Personal information
- Full name: Arjun Singh Atwal
- Born: 20 March 1973 (age 53) Kolkata, India
- Height: 6 ft 1 in (1.85 m)
- Weight: 185 lb (84 kg; 13.2 st)
- Sporting nationality: India
- Residence: Kolkata, India Windermere, Florida, U.S.
- Spouse: Sona Atwal ​(m. 2000)​
- Children: 2

Career
- Turned professional: 1995
- Current tours: PGA Tour Champions Asian Tour
- Former tours: PGA Tour European Tour Web.com Tour Asian Tour
- Professional wins: 13

Number of wins by tour
- PGA Tour: 1
- European Tour: 3
- Asian Tour: 8 (Tied 6th all time)
- Korn Ferry Tour: 1
- Other: 3

Best results in major championships
- Masters Tournament: CUT: 2011
- PGA Championship: CUT: 2005, 2011
- U.S. Open: CUT: 2010
- The Open Championship: CUT: 2004

Achievements and awards
- Asian PGA Tour Rookie of the Year: 1995
- Asian PGA Tour Order of Merit winner: 2003
- Asian PGA Tour Players' Player of the Year: 2003

= Arjun Atwal =

Indian professional golfer (born 1973)

Arjun Singh Atwal (born 20 March 1973) is an Indian professional golfer who has played on the Asian Tour and the European Tour and is the first player born in India to gain membership of and win on the U.S.-based PGA Tour.

==Early life==

Atwal was born in a Sikh family to Harminder Singh Atwal, an industrialist from Kolkata, West Bengal, India. He attended St. James' School in Kolkata. At age 14, he took up golf, playing at the Royal Calcutta Golf Club and Tollygunge Club. He also spent two years at school in the United States, attending W. T. Clarke High School, in Westbury, New York, on Long Island.

==Professional career==
In 1995, Arjun turned professional. He became one of the leading players on the Asian Tour, topping the Order of Merit in 2003. Atwal was the second Indian golfer to earn membership of the European Tour after Jeev Milkha Singh and the first to win; he recorded a five-stroke victory in the 2002 Caltex Singapore Masters. A second European Tour win followed at the Carlsberg Malaysian Open in 2003. Late in the same year Atwal finished seventh at the PGA Tour's qualifying school in the U.S., earning a PGA Tour card for 2004, making him the first Indian golfer to do so. In his 2004 rookie season on the PGA Tour, he finished 142nd on the money list.

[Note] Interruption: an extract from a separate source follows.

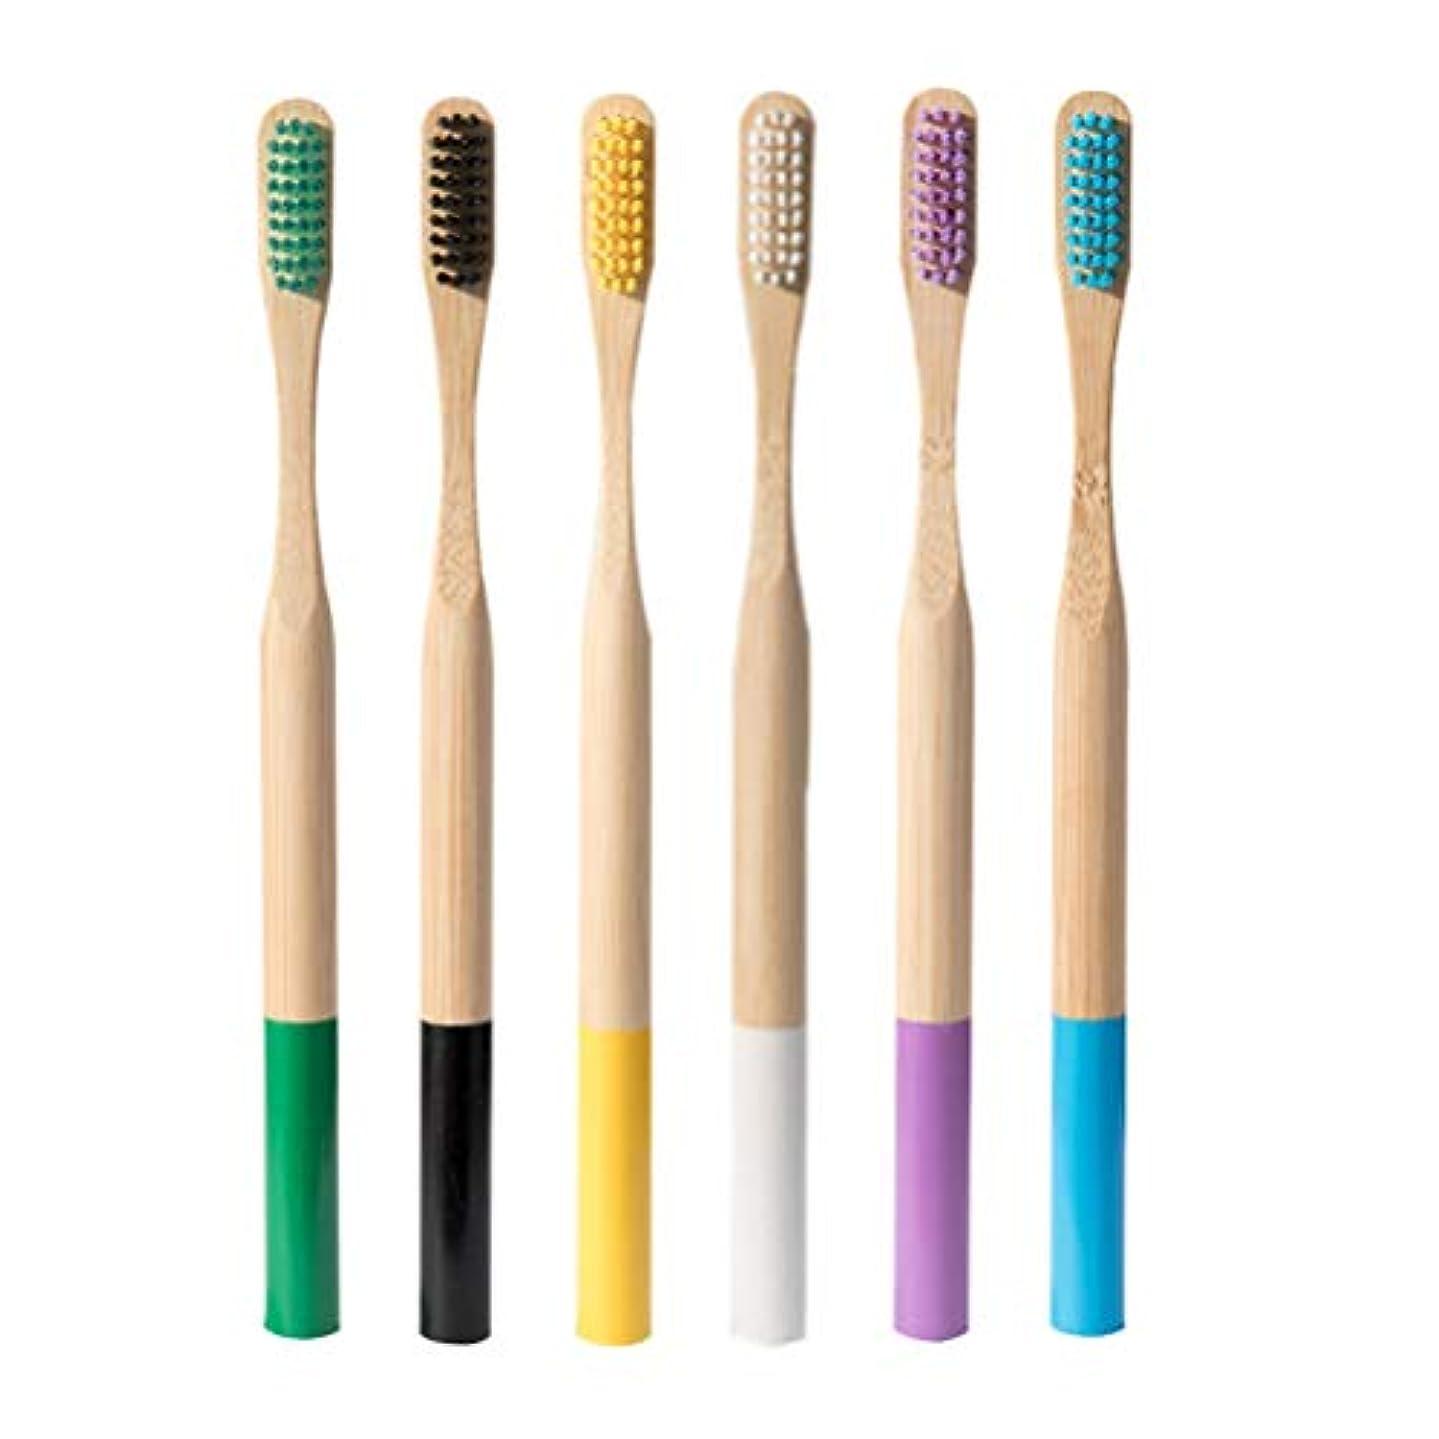 アンタゴニスト航海の個人的なHealifty 6ピース生分解性天然炭竹歯ブラシ細かい毛歯ブラシ旅行屋外キャンプ用

In 2005, Atwal came close to winning on the PGA Tour numerous times, most notably at the BellSouth Classic in April. After posting a 64 (the low round for any golfer in the tournament) in the final round of the rain-shortened event, he wound up in a five-man sudden death playoff along with Rich Beem, José María Olazábal, Brandt Jobe and Phil Mickelson. On the first hole of the playoff, the par-5 18th, Atwal's second shot went into the water, yet he almost holed his fourth shot. If he had done so, he would have made birdie and won (Mickelson, Beem and Olazabal made pars, while Jobe bogeyed.) After two-putting the green, Atwal made bogey, and he and Jobe were eliminated. Mickelson went on to win the tournament. Atwal finished 82nd on the money list in 2005 to secure his spot on Tour for 2006.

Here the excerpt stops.